TASK DIRECTIONS — Provide an exact repetition of every entry, with no word altered.

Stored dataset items
# # #
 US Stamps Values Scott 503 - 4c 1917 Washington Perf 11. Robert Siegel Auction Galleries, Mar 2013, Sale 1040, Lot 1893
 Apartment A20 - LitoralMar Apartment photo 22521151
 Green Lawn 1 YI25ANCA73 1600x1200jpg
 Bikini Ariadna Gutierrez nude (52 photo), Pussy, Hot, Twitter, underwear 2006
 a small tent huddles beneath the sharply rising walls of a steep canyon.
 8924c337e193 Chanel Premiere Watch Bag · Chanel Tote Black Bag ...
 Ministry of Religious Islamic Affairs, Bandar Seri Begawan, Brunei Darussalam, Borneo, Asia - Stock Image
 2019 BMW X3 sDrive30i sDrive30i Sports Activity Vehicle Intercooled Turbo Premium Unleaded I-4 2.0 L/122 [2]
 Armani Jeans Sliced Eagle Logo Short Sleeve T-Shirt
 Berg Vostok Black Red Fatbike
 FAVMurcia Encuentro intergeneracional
# # #
WRITTEN SOLUTION —
 US Stamps Values Scott 503 - 4c 1917 Washington Perf 11. Robert Siegel Auction Galleries, Mar 2013, Sale 1040, Lot 1893
 Apartment A20 - LitoralMar Apartment photo 22521151
 Green Lawn 1 YI25ANCA73 1600x1200jpg
 Bikini Ariadna Gutierrez nude (52 photo), Pussy, Hot, Twitter, underwear 2006
 a small tent huddles beneath the sharply rising walls of a steep canyon.
 8924c337e193 Chanel Premiere Watch Bag · Chanel Tote Black Bag ...
 Ministry of Religious Islamic Affairs, Bandar Seri Begawan, Brunei Darussalam, Borneo, Asia - Stock Image
 2019 BMW X3 sDrive30i sDrive30i Sports Activity Vehicle Intercooled Turbo Premium Unleaded I-4 2.0 L/122 [2]
 Armani Jeans Sliced Eagle Logo Short Sleeve T-Shirt
 Berg Vostok Black Red Fatbike
 FAVMurcia Encuentro intergeneracional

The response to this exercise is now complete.